But he had to do something!
“Abernathy!”
The dog’s cold nose shoved into his ear, and he jerked away. “High Lord?”
“These things can’t see, taste, or smell — but they can hear, right? Hear anything? Anything even close to Mirwouk, maybe?”
“I am given to understand that the Flynts can hear a pin drop at fifty paces, though I often…”
“Never mind the editorials!” Ben pulled the dog about to face him, furry features held close, glasses glinting with sunlight. “Can you hit high C?”
Abernathy blinked. “High Lord?”
“High C, damn it — can you howl loud enough to hit high C?” The Flynts were no more than a dozen paces off. “Well, can you?”
“I don’t see…”
“Yes or no!”
He was shaking his scribe. Abernathy’s muzzle drew back, and he barked right in Ben’s face. “Yes!”
“Then do it!” Ben screamed.
The whole roof seemed to be shaking. The G’home Gnomes had fastened themselves to Ben once more, crying, “Great High Lord, mighty High Lord” in chorus and wailing like lost souls. The kobolds were crouched in front of him, ready to spring. The Flynts looked like tanks bearing down.
Then Abernathy began to howl.
He hit high C on the first try, a frightening wail that drowned out the G’home Gnomes and expanded the grimaces on the faces of the kobolds into a whole new dimension. The wail lifted and spread, cutting through everything with the tenacity of gastrically induced stress The Flynts stopped in their tracks and their massive hands came up against the sides of their heads with a crash as they tried in vain to shut out the sound. It came at them relentlessly — Ben would never have believed Abernathy capable of such sustained agony — and all the while, they battered at themselves.
Finally, the pounding proved to be too much, and the Flynts simply shattered and fell apart. Heads, arms, torsos, and legs collapsed into piles of useless rock. The dust rose and settled again, and nothing moved.
Abernathy stopped howling, and there was a moment of strained silence. The scribe straightened and glared at Ben with undisguised fury. “I have never been so humiliated, High Lord!” he snarled. “Howling like a dog, indeed!

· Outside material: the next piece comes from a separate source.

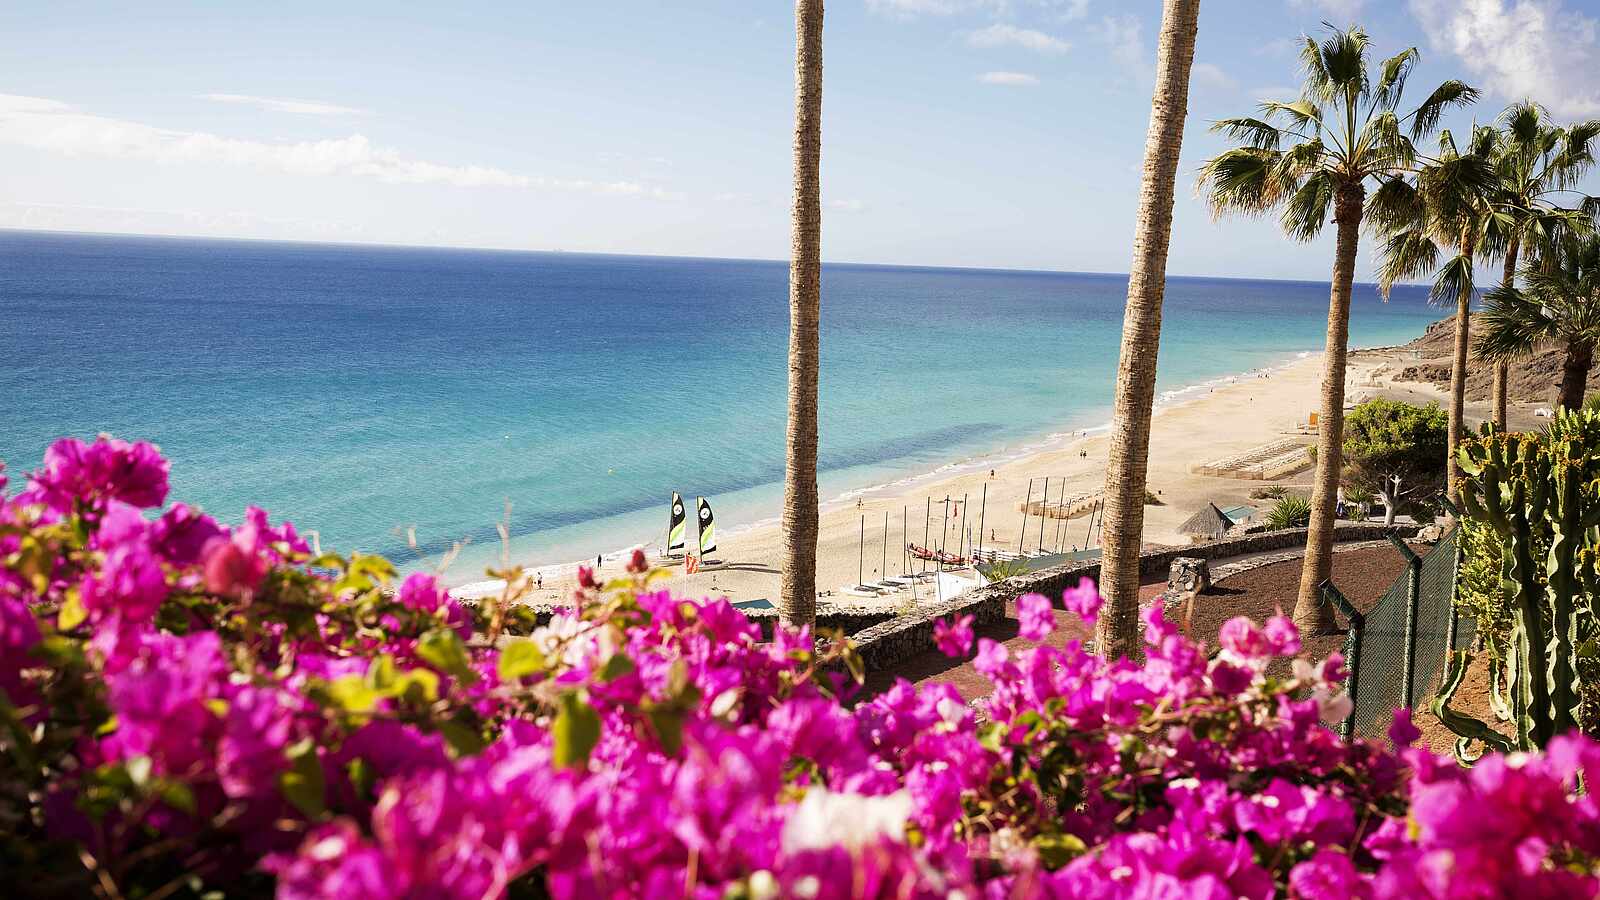 Klippe mit Blumen, Palmen und Ausblick auf den Strand und das Meer

I have debased myself in a way I would not have thought possible!”
Ben cleared his throat. “You saved our lives,” he pointed out simply. “That’s what you did.”

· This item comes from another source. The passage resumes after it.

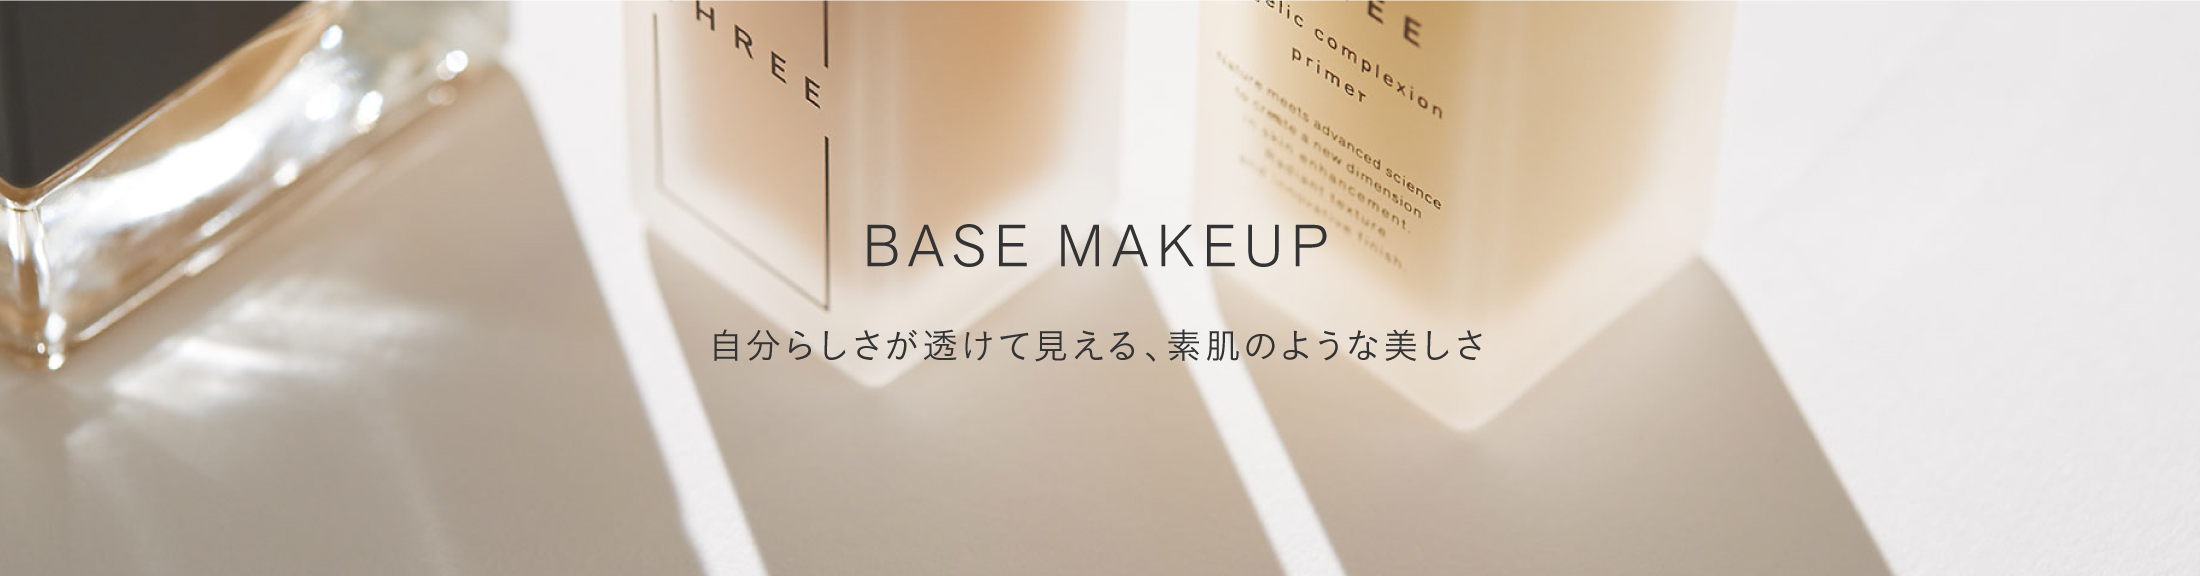 2_base_makeup

Abernathy started to say something more, stopped, and simply continued to glare voicelessly. Finally he took a deep breath of air, exhaled, straightened some more, sniffed distastefully, and said, “When we get those books of magic back, the first thing you will do with them is find a way to turn me back into a human being!”
Ben hastily masked the smile that would have been his undoing. “Agreed. The first thing.”
Hurriedly they picked up Questor Thews and carried him back down the stairway and out of Mirwouk. They encountered no further Flynts. Perhaps the two they had escaped had been the last, Ben thought as they hastened back into the trees.
“Still, it is odd that Questor didn’t see them the first time,” he repeated the wizard’s observation to no one in particular.
“Odd? Not so odd if you consider the possibility that Meeks put them there after he had the books, expressly to prevent anyone from coming back into the fortress!” Abernathy huffed. He would not look at Ben. “Really, High Lord — I would have thought you could figure that one out by yourself!”
Ben endured the admonishment silently. He could have figured it out by himself, but he hadn’t, so what was there to say? What he couldn’t figure out now was why Meeks would bother placing guards at Mirwouk. After all, the missing books of magic were already in his possession!
He dropped that question into the hopper with all the other unanswered questions and concentrated on helping the others lay Questor on a patch of shaded grass. Parsnip wiped away the dust and blood from the wizard’s face and brought him out of his stupor. Questor recovered after a brief period of treatment, Parsnip patched up his injuries and the little company was back on its feet, once more.